The internal mail server for this organisation is MX Exchange.
However, the MTA relay is a Barracuda firewall appliance:

PORT   STATE SERVICE VERSION
25/tcp open  smtp    Barracuda Networks Spam Firewall smtpd
Service Info: CPE: cpe:/h:barracudanetworks:spam_%26_virus_firewall_600:-

They are reporting a timeout error when trying to transmit to our
Postfix-3.3.1 MX.  All we see is the above in our maillog.

Their DSN says:

. . . conversation with mx32.harte-lyne.ca[216.185.71.32]:25 timed out
while sending MAIL FROM . . .

We have only seen this type of problem (client disconnect with 0 data
transferred) with a very few of our correspondents. As it coincides
with moving from Postfix-2.11 to 3.3 we are concerned that we have
introduced some sort of compatibility issue.

--
***          e-Mail is NOT a SECURE channel          ***
        Do NOT transmit sensitive data via e-Mail
 Do NOT open attachments nor follow links sent by e-Mail

James B. Byrne                mailto:[hidden email]
Harte & Lyne Limited          http://www.harte-lyne.ca
9 Brockley Drive              vox: +1 905 561 1241
Hamilton, Ontario             fax: +1 905 561 0757
Canada  L8E 3C3

Reply | Threaded
Open this post in threaded view
|

Re: SMTP client timeout issues - was: STARTTLS / DANE difficulties?

Viktor Dukhovni
On Thu, Jul 19, 2018 at 10:22:38AM -0400, James B. Byrne wrote:

> After changing the client certificate request to 'no' we get a little
> further in the negotiation but it still fails:

No, you get 100% of the way through the TLS handshake, the problem
is with SMTP inside the now encrypted channel.  Perhaps MTU issues
in the client->server direction.

> Jul 19 09:31:37 mx32 postfix-p25/smtpd[44981]: NOQUEUE:
>   client=mail.rosedale.ca[66.135.118.147]
> Jul 19 09:31:37 mx32 postfix-p25/smtpd[44981]:
>   lost connection after DATA (0 bytes)
>   from mail.rosedale.ca[66.135.118.147]
> Jul 19 09:31:37 mx32 postfix-p25/smtpd[44981]:
>  disconnect from mail.rosedale.ca[66.135.118.147]
>  ehlo=1 mail=1 rcpt=1 data=0/1 commands=3/4

This delivery attempt did not even do TLS at all.

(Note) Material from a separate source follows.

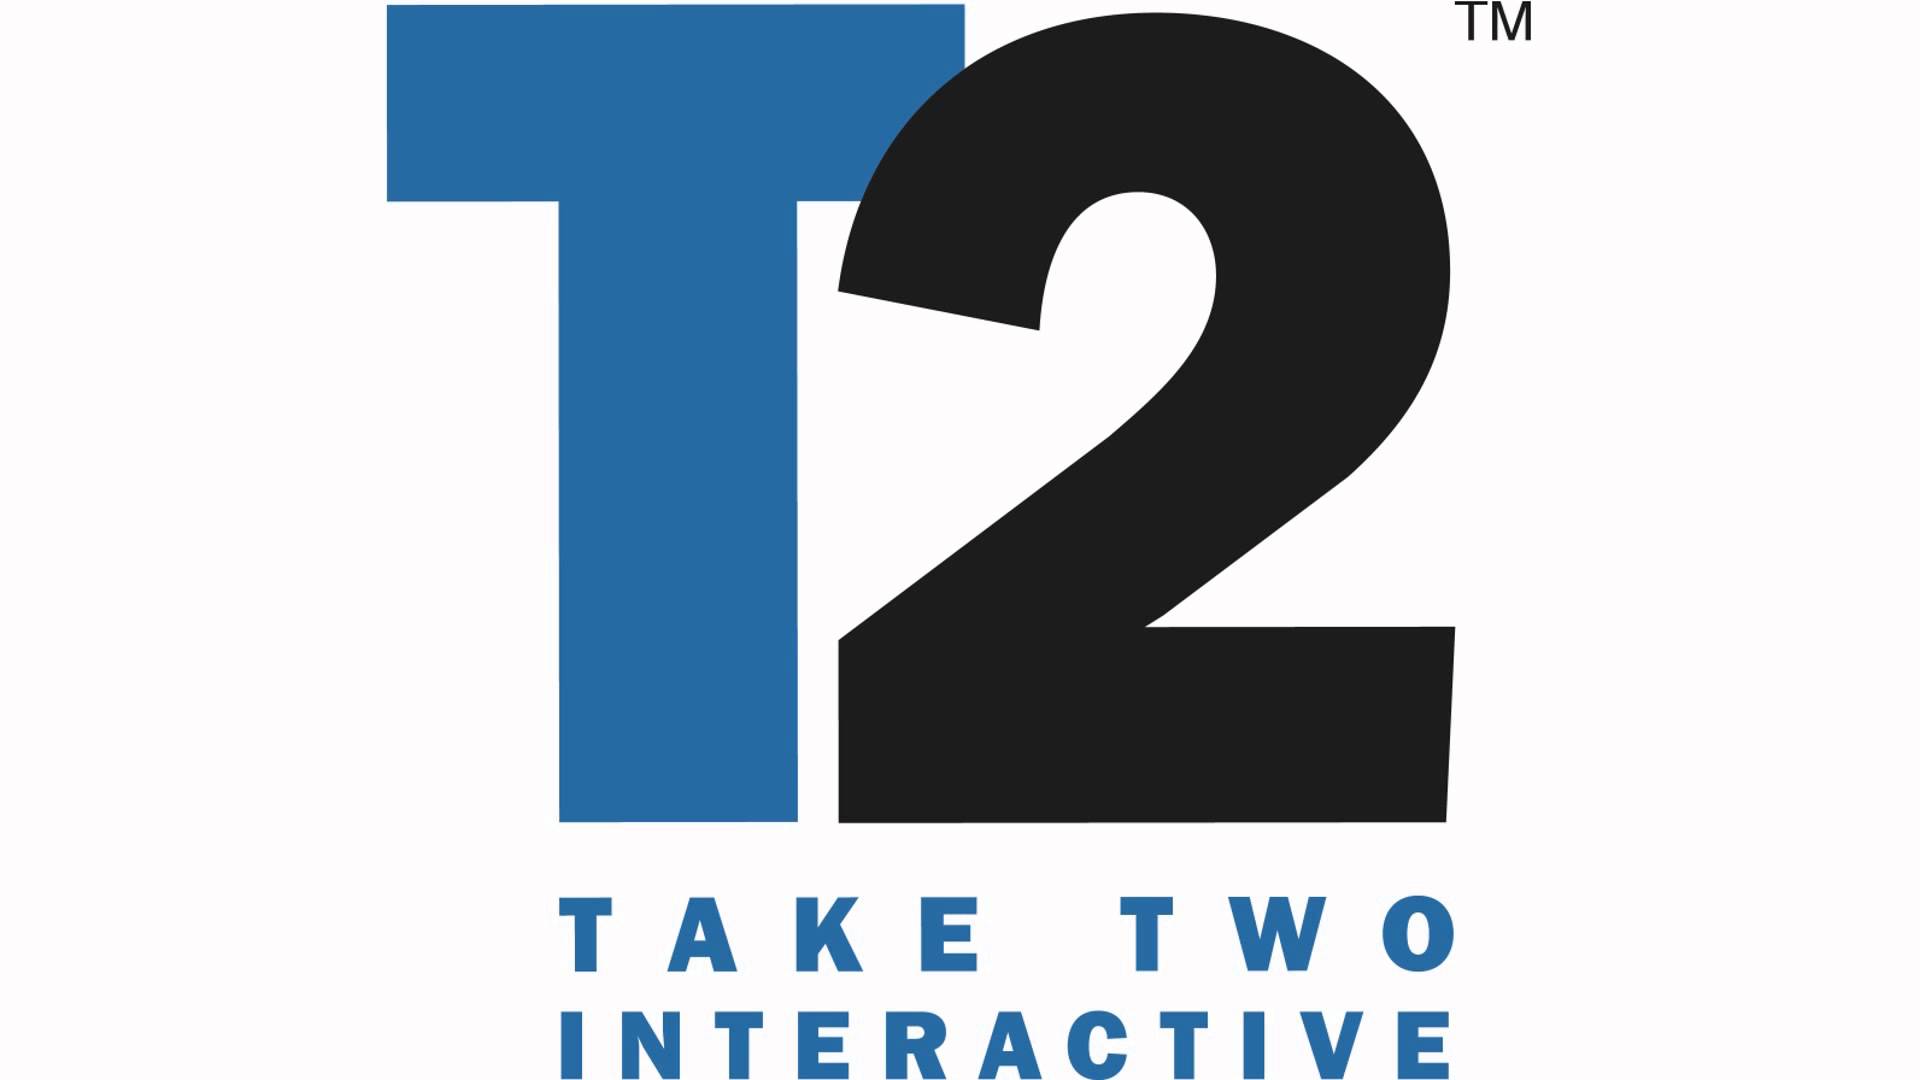 Take-Two มีแผนจะเพิ่มเกม VR ให้มากขึ้นกว่านี้ในอนาคต

The connection is lost, at the beginning of what would be the data
transfer phase.  Perhaps a path MTU issue in the client -> server
direction.

> They are reporting a timeout error when trying to transmit to our
> Postfix-3.3.1 MX.

What I find a bit surprising is the combination of "NOQUEUE" and
"rcpt=1", which would normally mean an accepted recipient and the
assignment of a queue-id.  Do you have a pre-queue proxy-filter?
In that case the queue id is assigned only after the full message
body is received.

> Their DSN says:
>
> . . . conversation with mx32.harte-lyne.ca[216.185.71.32]:25 timed out
> while sending MAIL FROM . . .

That's odd, they actually sent "MAIL FROM", "RCPT TO" and "DATA"
pipelined together.  But somehow never saw the replies?  Perhaps
buggy pipelining support?

> We have only seen this type of problem (client disconnect with 0 data
> transferred) with a very few of our correspondents. As it coincides
> with moving from Postfix-2.11 to 3.3 we are concerned that we have
> introduced some sort of compatibility issue.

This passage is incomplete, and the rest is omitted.